Off course, the intermediate states may be implemented in different way. This is basically weighted arithmetic average (with weight being the knob).

[tulamide]

With knob at 0 you only get signal from LFO1. With knob at 1 you get signal from LFO1*LFO2. With knob at 0.5 you get LFO1*LFO2*0.5+LFO1*0.5 = LFO1*(LFO2*0.5*+(1-0.5) ).
Off course, the intermediate states may be implemented in different way. This is basically weighted arithmetic average (with weight being the knob).

Yes, that's how I understood it as well.
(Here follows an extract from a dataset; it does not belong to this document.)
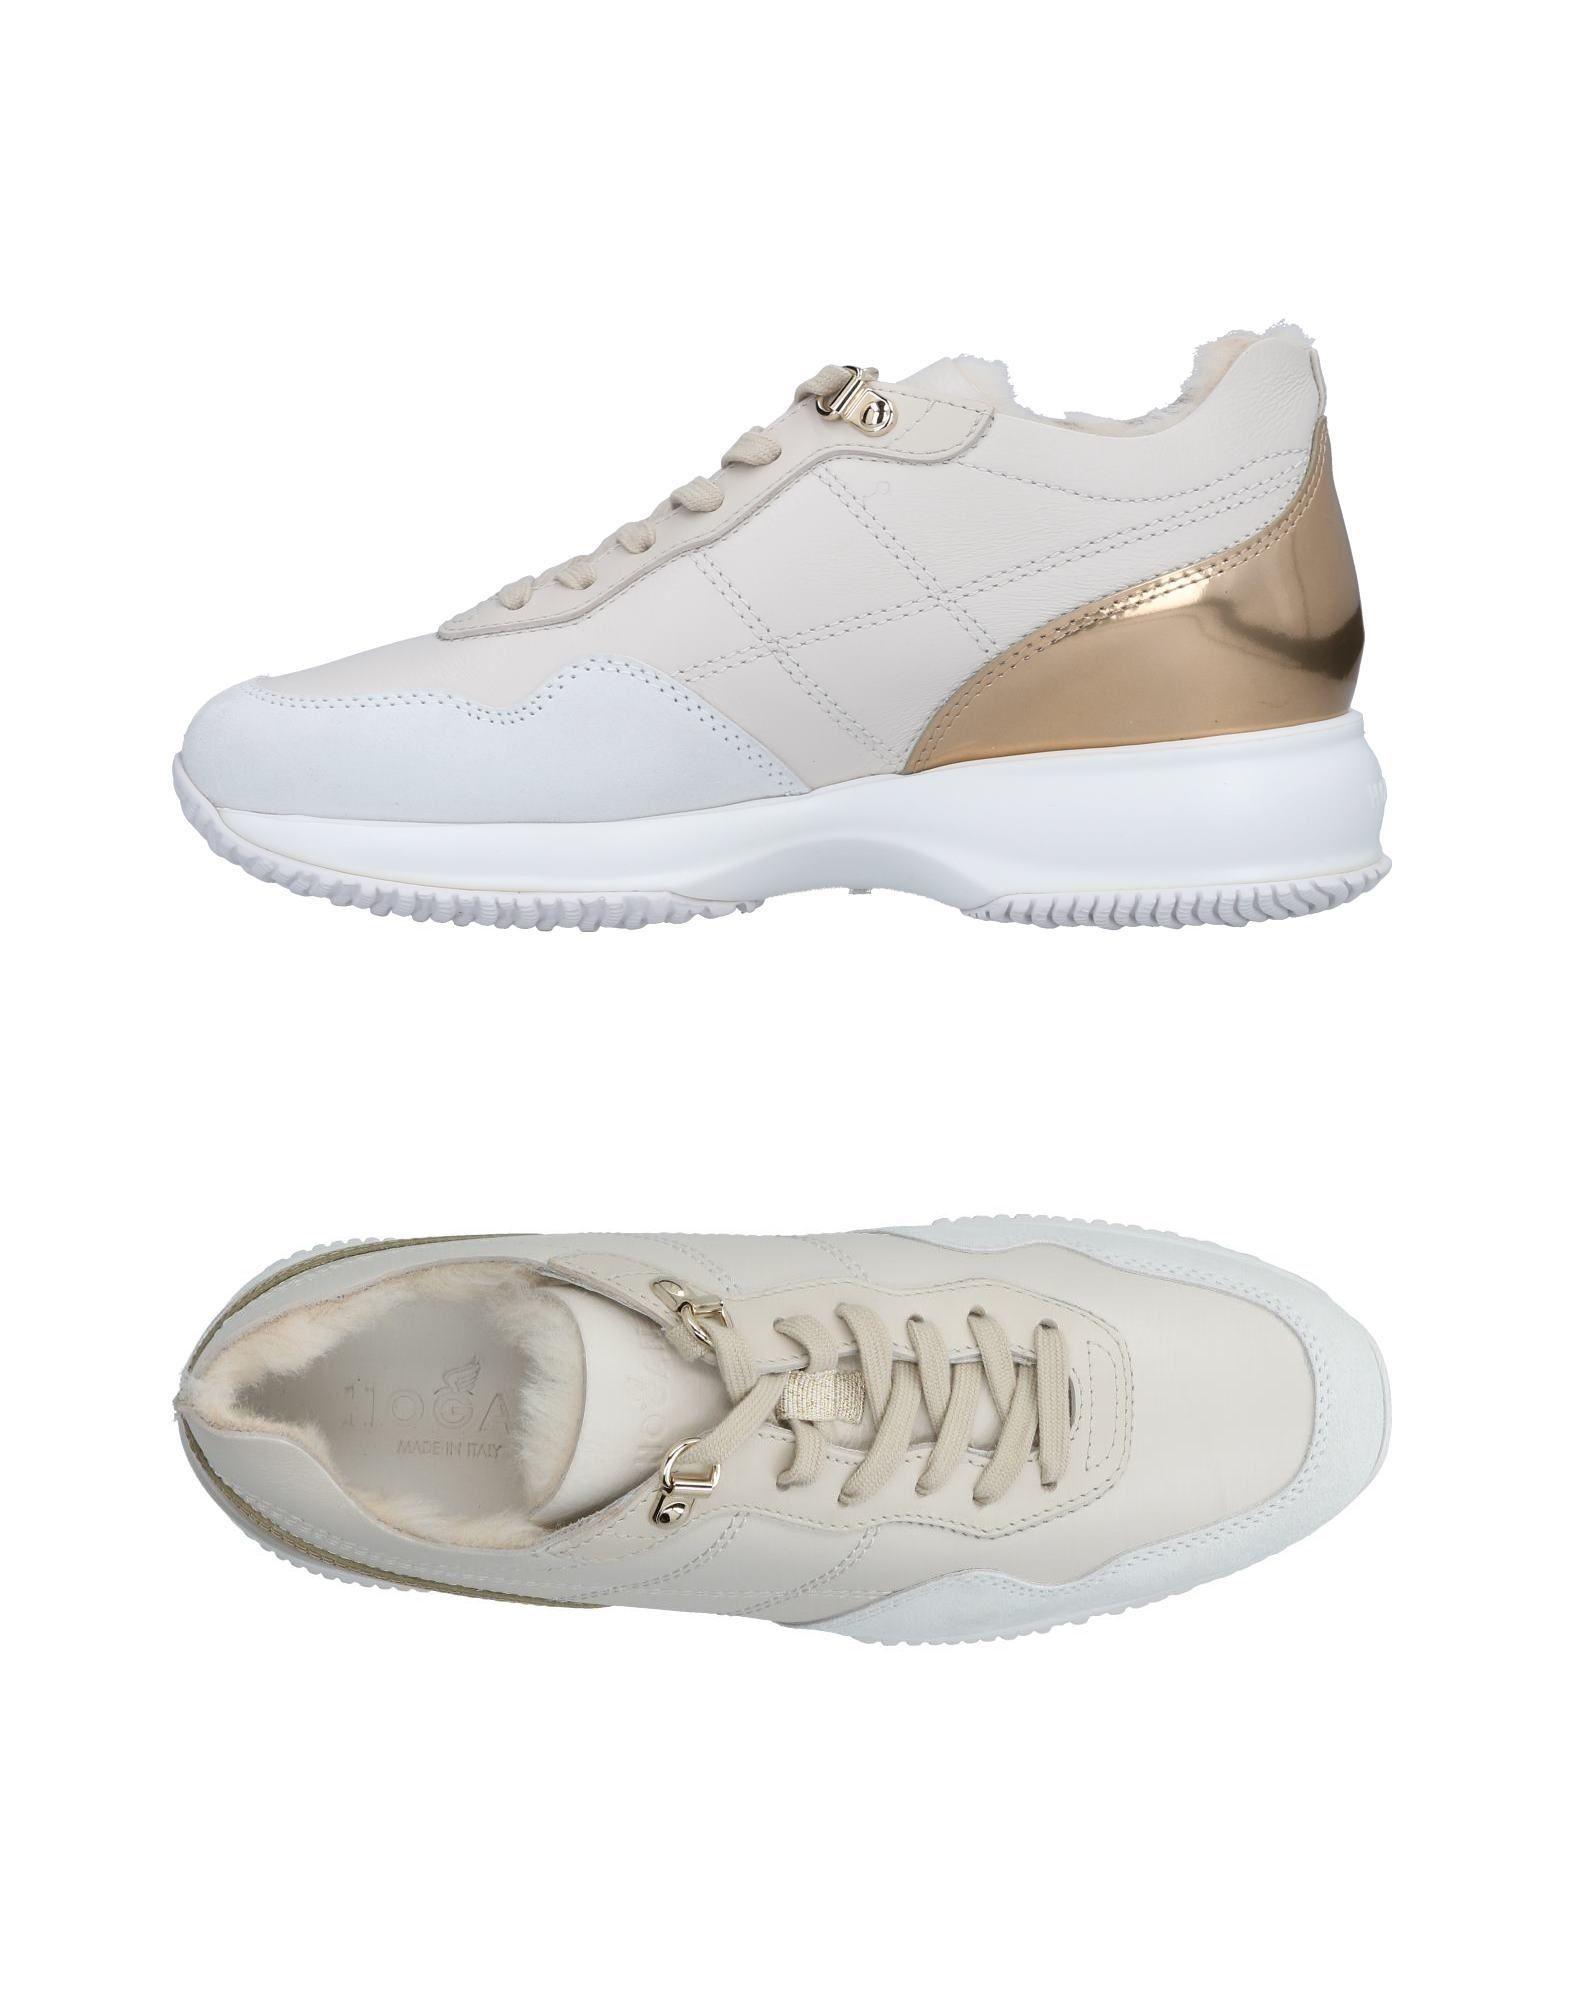 Hogan Sneakers Damen  11496082EJGut aussehende strapazierfähige Schuhe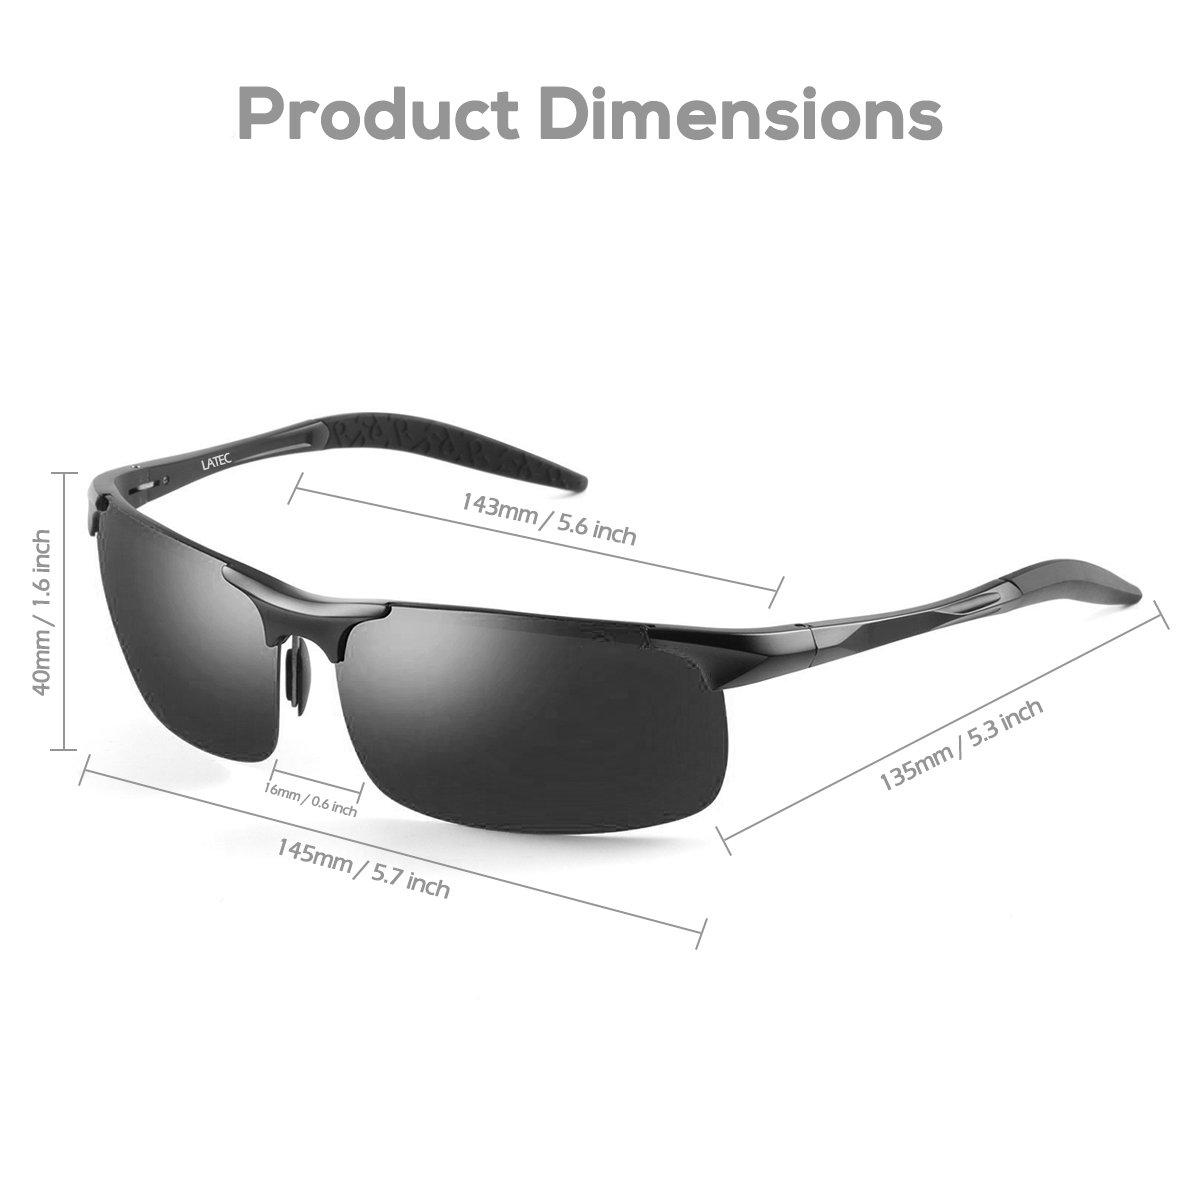 f2db50520d383 Polarized Driving Sunglasses

What I was trying to do was more like this (but still not 100% correct):

Code: Select all

for knob = 1.0
LFO1*LFO2*1.0+LFO1*0

for knob = 0.5
LFO1*LFO2*0.5+LFO1*0

for knob = 0.0
LFO1*LFO2*0.0+LFO1*1.0

The knob was supposed to add the amount at which LFO1 is modulated by LFO2. At knob 0, LFO2 doesn't modulate, at knob 0.1 LFO2 kicks in with 10% modulation (of LFO1's signal), etc. up to knob 1, where it is modulating 100%

Maybe LFO2's range has to be 0-1 rather than -1 to +1? At least it would be easy then to map knob to it (LFO2 * KNOB)

But if I multiply LFO2 and LFO1 then I need the value 1 to not modulate LFO1. And if I add them (LFO2*KNOB + LFO1) the range gets out of bounds or reverses, etc.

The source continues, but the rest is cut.